Which teams have 30 wins?
Posted by Andy on May 30, 2010
Are you paying attention? Which 4 teams in baseball have at least 30 wins right now?
So you got the Rays and the Yankees.
Did you get the Reds and the Padres?
The Twins will join that list if they beat the Rangers tonight.
May 30th, 2010 at 8:48 pm
What about Toronto?
May 30th, 2010 at 8:51 pm
With the exchange rate, their 30 Canadian wins are worth only 24 in the US. (and I missed them, thanks.)
May 30th, 2010 at 8:58 pm
LOL
May 30th, 2010 at 9:03 pm
At current rates, it's more like 28.5 wins.
May 30th, 2010 at 11:10 pm
Speaking of exchange rates, has anyone else noticed the league-skew in the SRS ratings?
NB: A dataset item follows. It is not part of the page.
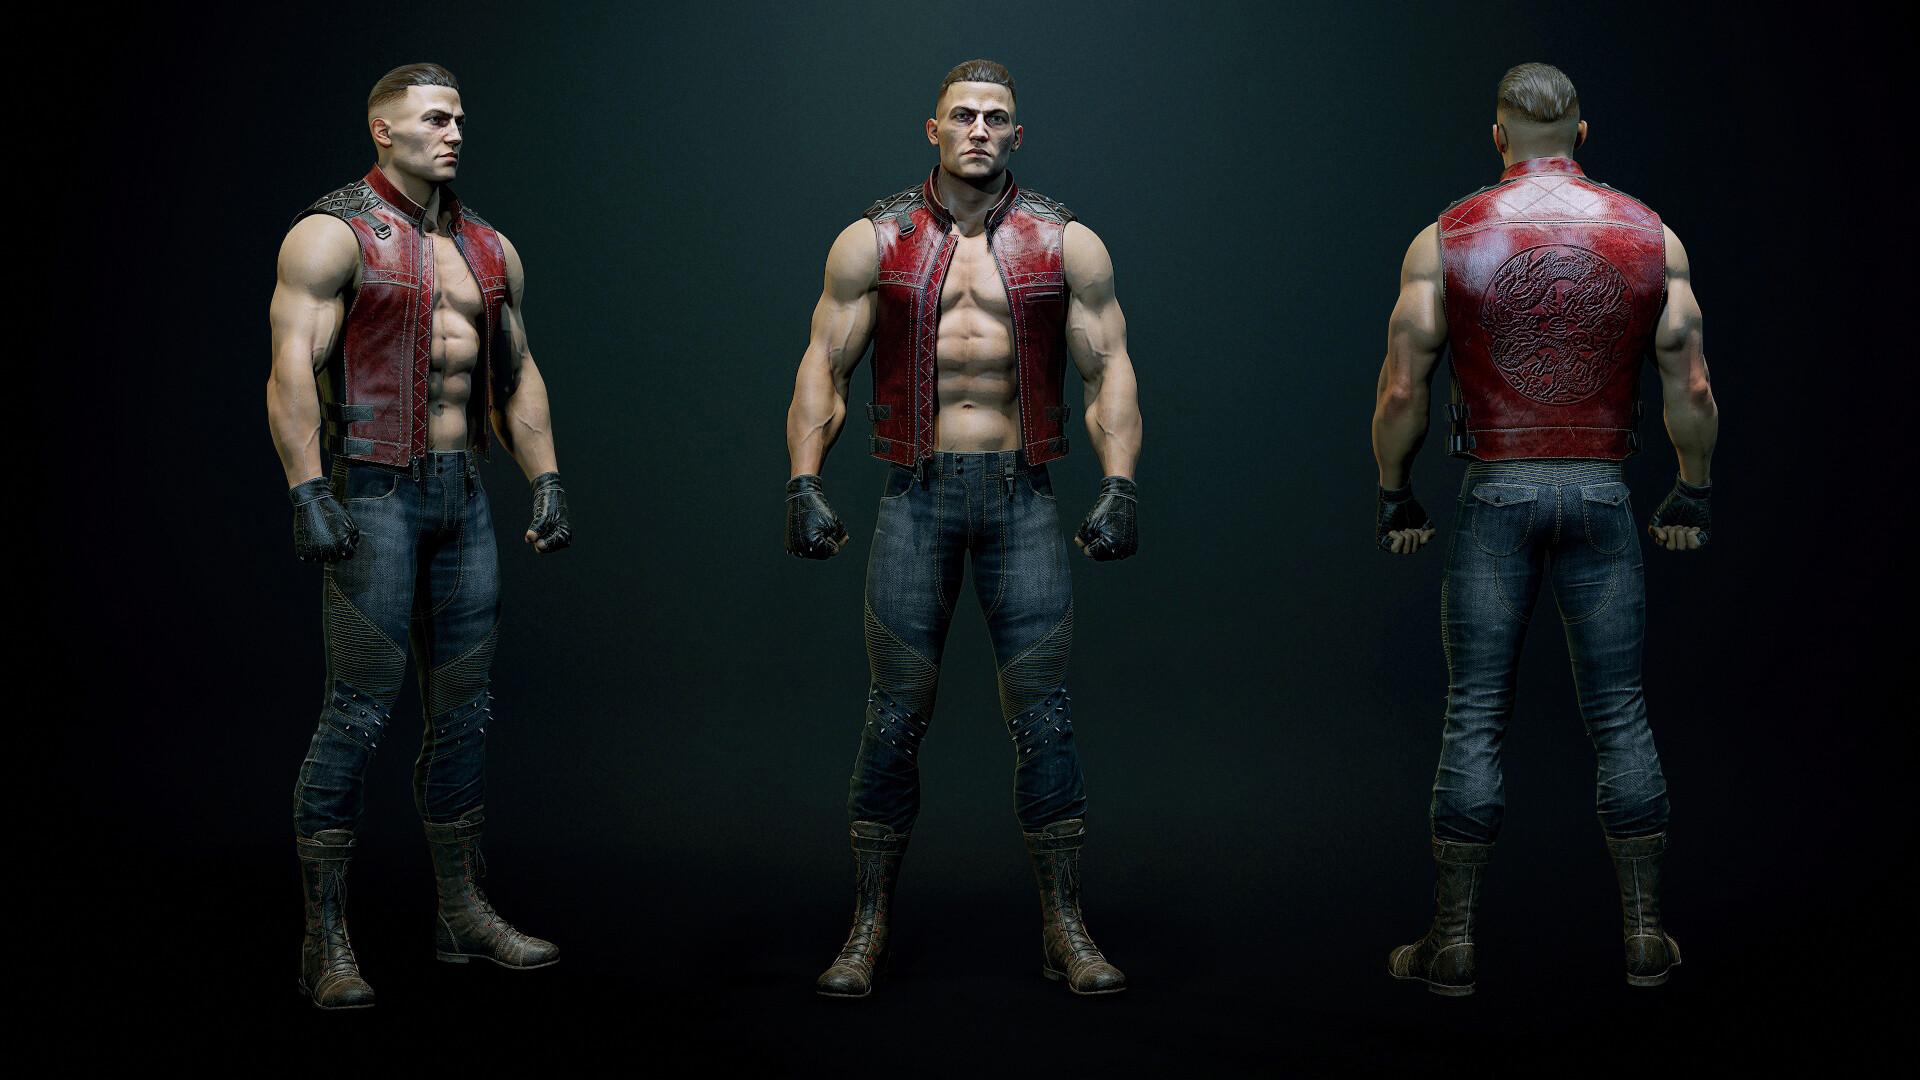 Alex Lashko 3d Art Battletoads Double Dragon

I know the consensus is that the AL is the stronger league but I thought the SRS model was too simple to pick up on that. The skew seems to be completely in the Strength of Schedule (SOS) as the 8 toughest schedules are in the AL and the 13 weakest schedules are in the NL. Almost seems like just three teams are driving this skew. HOU/PIT on the low end in the NL and TBR on the high end on the AL. Pittsburgh had a seven game losing streak last month where they were blown out almost every day (72-12 over seven games).
May 31st, 2010 at 9:48 am
DavidRF, I'm fairly sure that the reason for the skew is because of a few blowouts in favor of the American league on the first day on interleague play when the AL in total outscored the NL by 26 runs(by my calculations) due in large part to the Twins (15-3 over Brewers), Royals (9-2 over Rockies), and White Sox (8-0 over Marlins). The Saturday/Sunday games of that weekend were slightly in the favor of the NL (NL outscored AL by 5), but not enough to undo the damage, leading to a large slant in favor of the AL.
May 31st, 2010 at 12:25 pm
Oh. I just re-read the definition of SOS. Its iterative. I was just using Rdiff, but that is just the initial seed. Its the successive iterations that are causing the skew. Thanks.